(Available data Opens)
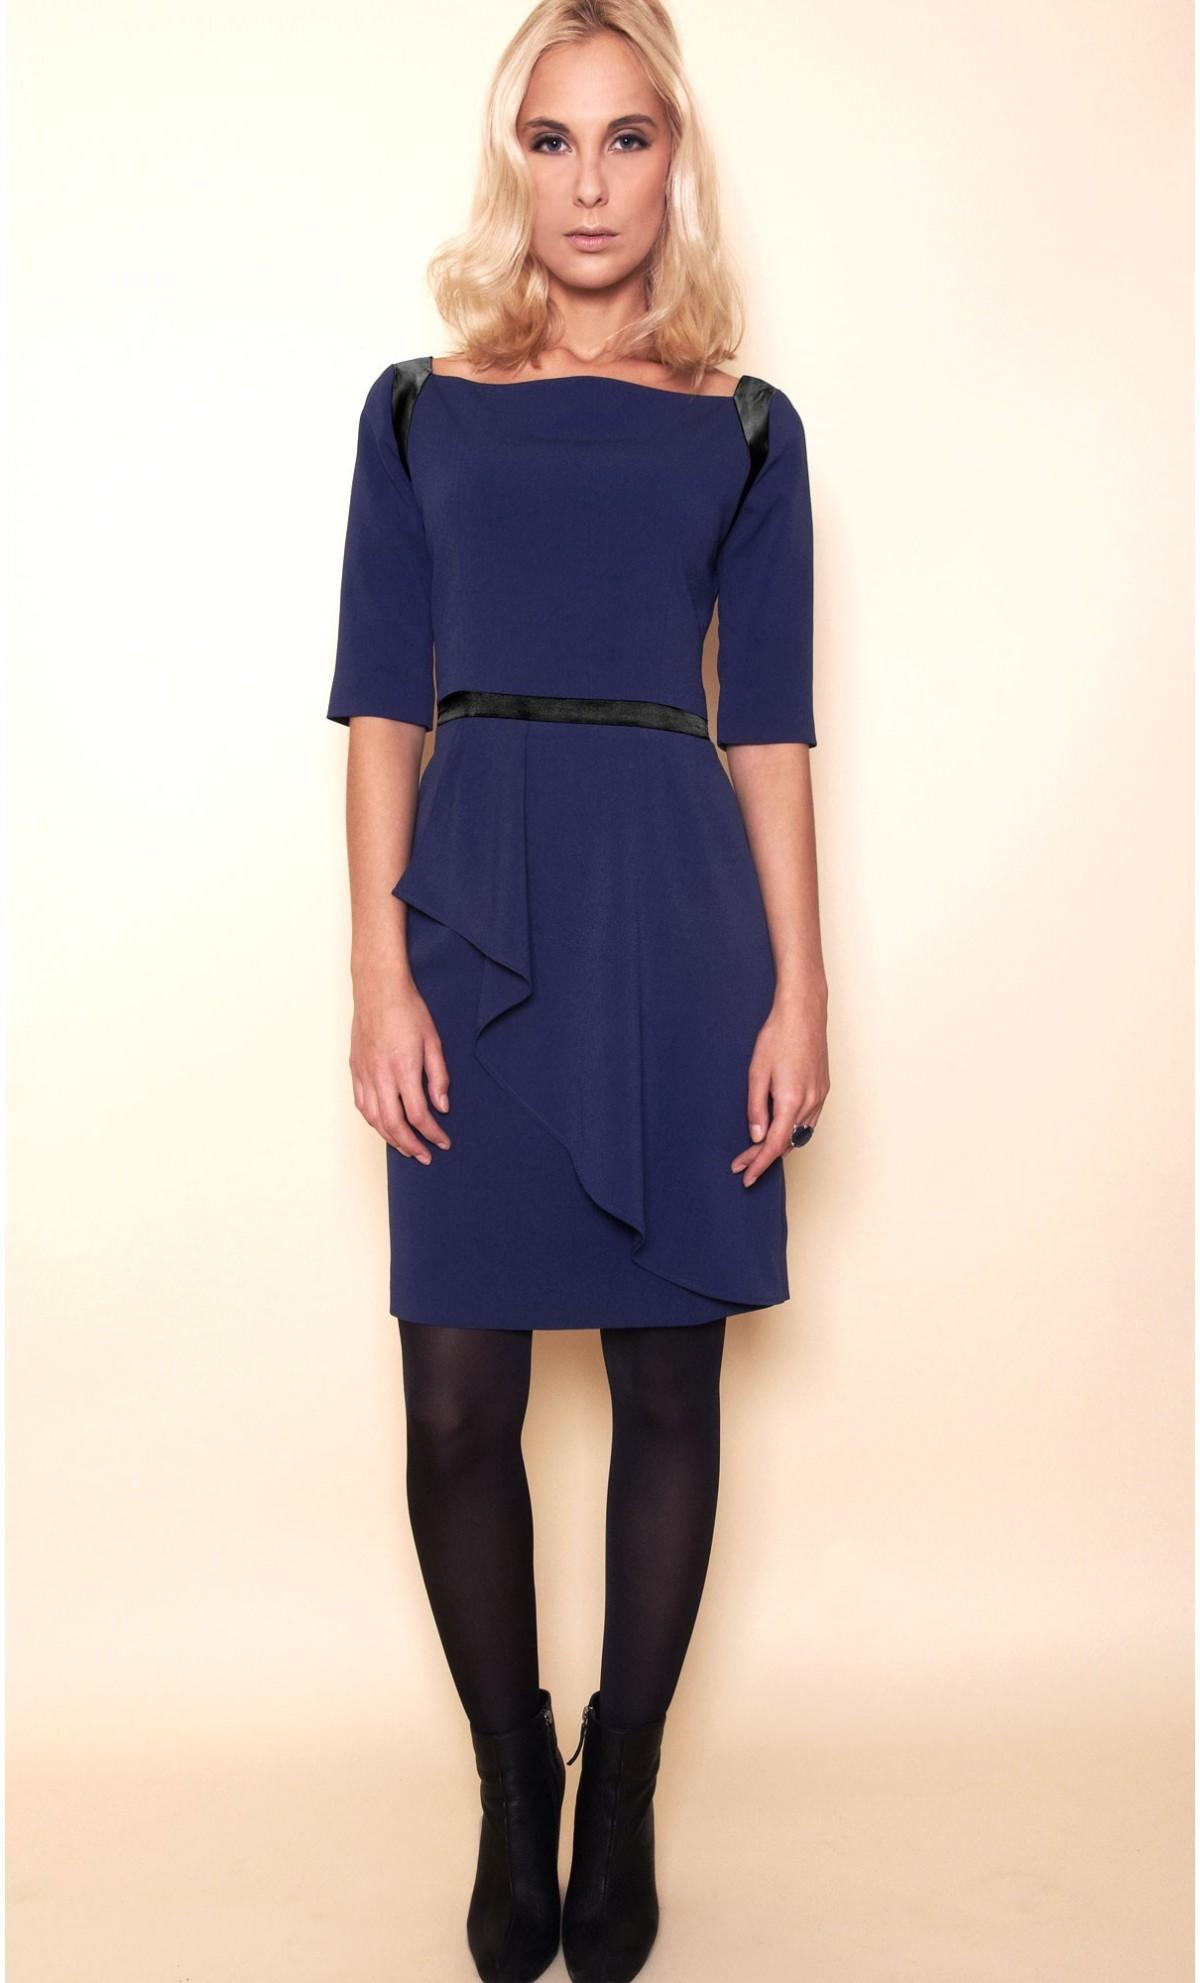 Comment accessoiriser une robe bleu marine
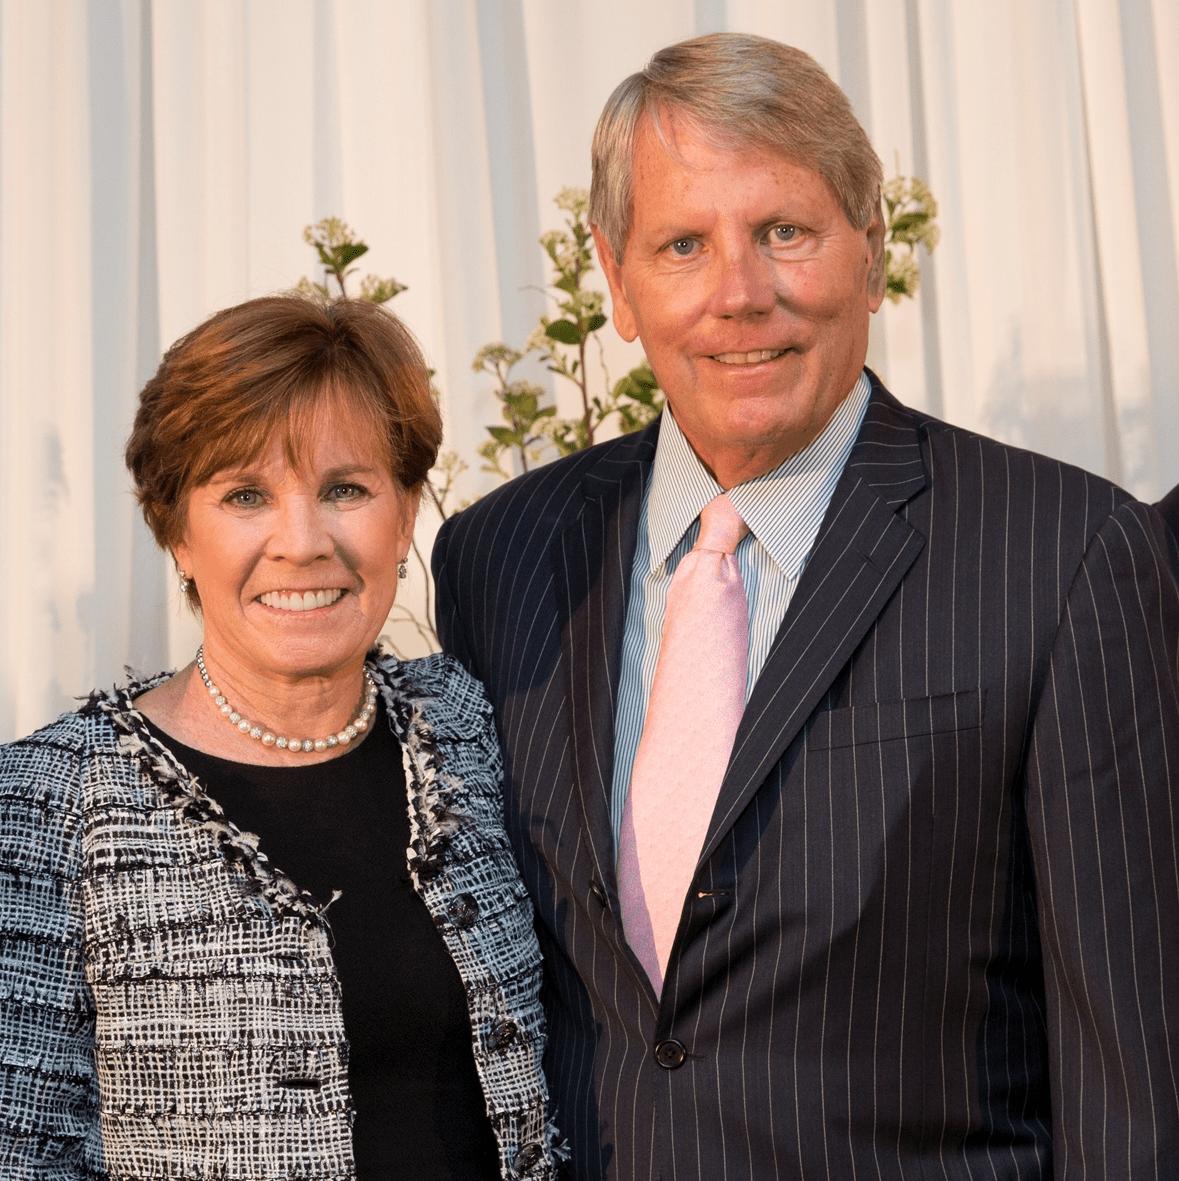 Houston, Menninger Clinic Annual Luncheon, May 2016, Maureen Hackett, Robert C. Wilson III
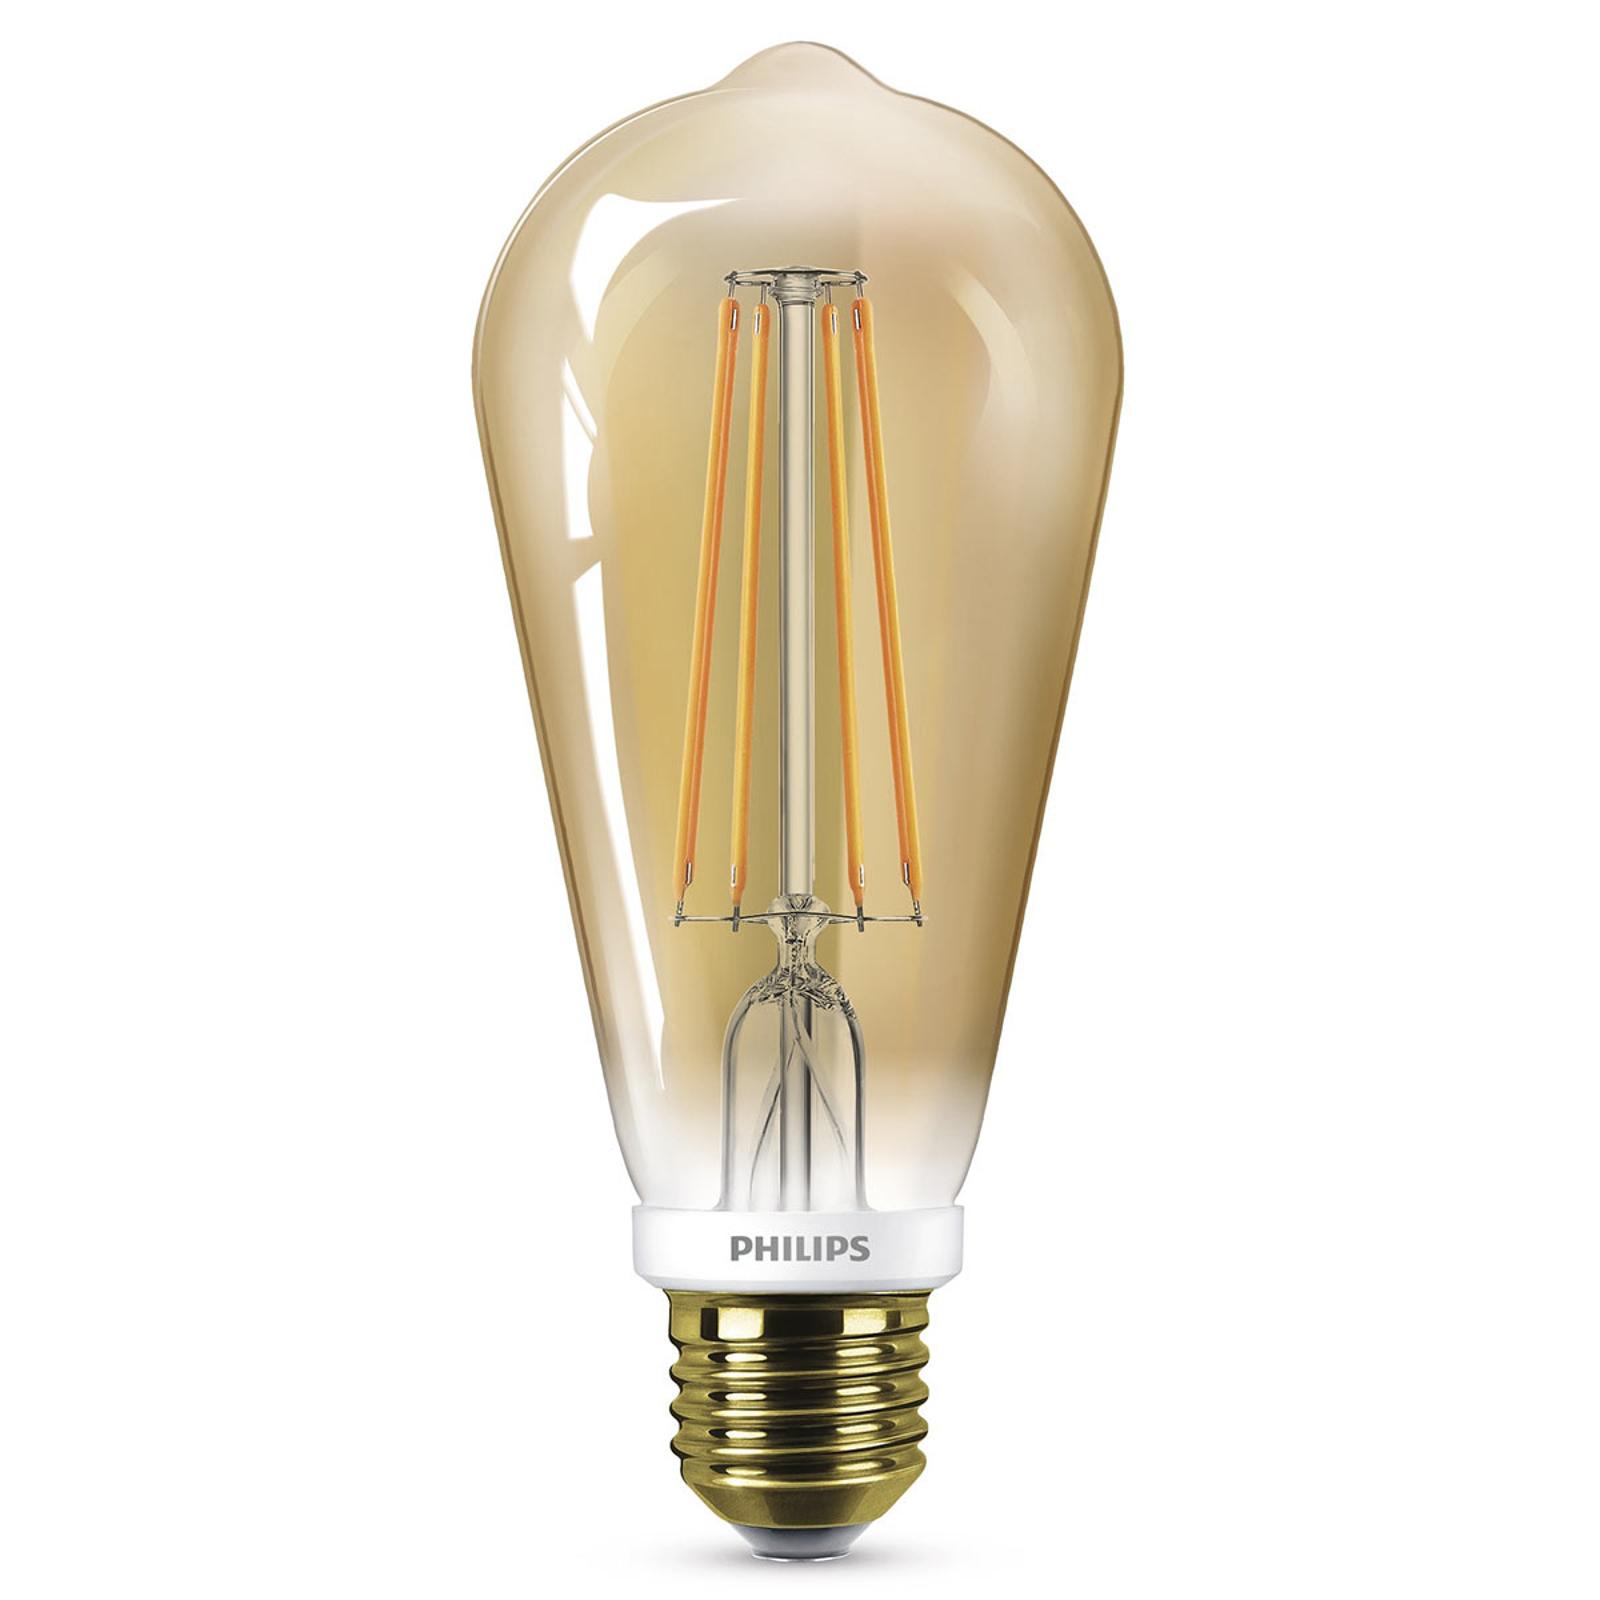 Philips lampadina LED E27 ST64 5,5W oro, dimming
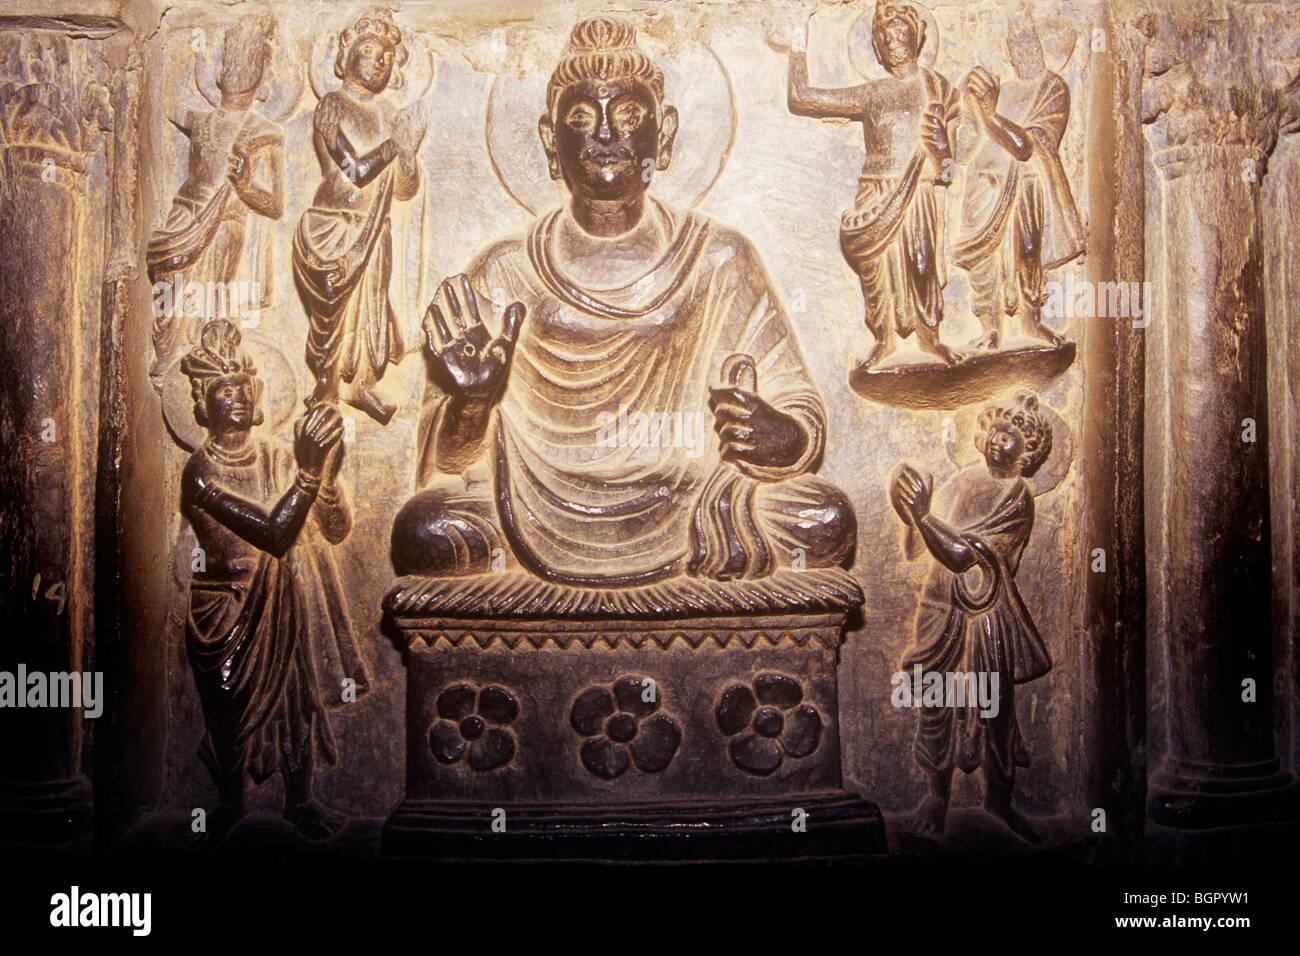 Bronze Buddha from the Gandhara civilisation Pakistan - Stock Image
(Available data Closes)
### Work instruction
Without the pictures, reproduce each line from the one containing "Philips lampadina LED" through the last line of the material above, both of those lines included.

### Solution to the exercise
 Philips lampadina LED E27 ST64 5,5W oro, dimming
 Bronze Buddha from the Gandhara civilisation Pakistan - Stock Image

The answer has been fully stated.